Os juros futuros mostram viés de alta na manhã desta terça-feira, 13, em sintonia com o dólar, deixando em segundo plano o resultado das vendas no varejo de julho e a cassação de Eduardo Cunha. O tom de cautela nas praças internacionais, com petróleo em queda ao redor de 2% e dólar mais forte. Colabora também para a pressão de alta nas taxas futuras a expectativa com o leilão de venda de NTN-B do Tesouro.
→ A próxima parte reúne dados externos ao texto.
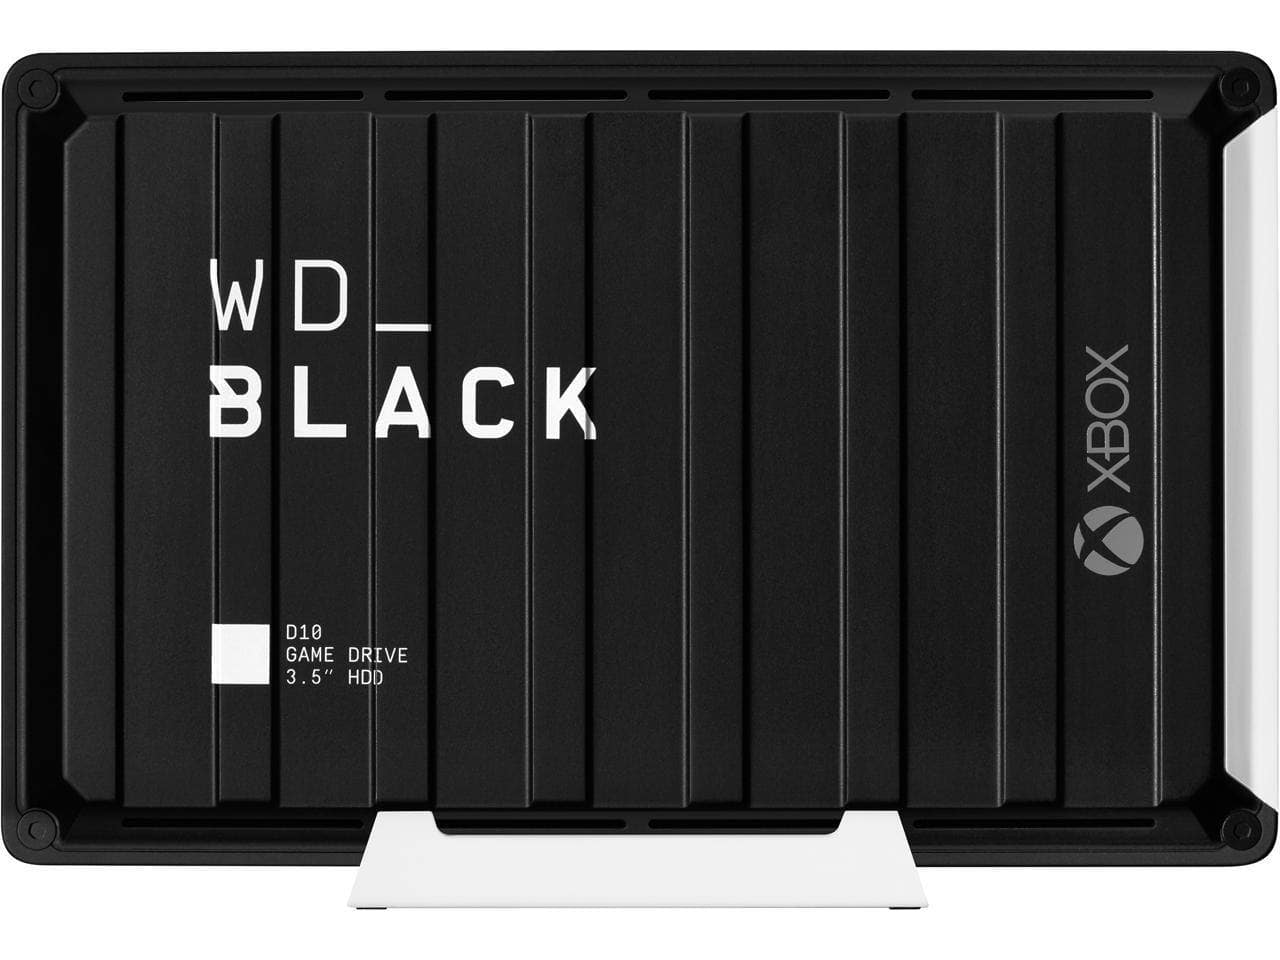 WD Black 12TB D10 Portable External Hard Drive $219.99 AC Shipped

Às 9h25, o DI para janeiro de 2018 estava em 12,57%, na máxima, de 12,55% no ajuste de segunda-feira. O DI para janeiro de 2019, o mais negociado, estava em 12,03%, na máxima, de 11,99% no ajuste de segunda O vencimento para janeiro de 2021 exibia 12,04%, de 11,98%.

As vendas do comércio varejista caíram 0,30% em julho ante junho, na série com ajuste sazonal, dentro do intervalo das estimativas dos analistas ouvidos pelo Projeções Broadcast, que esperavam desde uma queda de 0,90% a crescimento de 0,70%, com mediana de estabilidade.

Na comparação com julho de 2015, sem ajuste sazonal, as vendas do varejo tiveram baixa de 5,3% em julho de 2016. Nesse confronto, as projeções iam de declínio de 3,40% a recuo de 6,50%, com mediana negativa de 5,00%.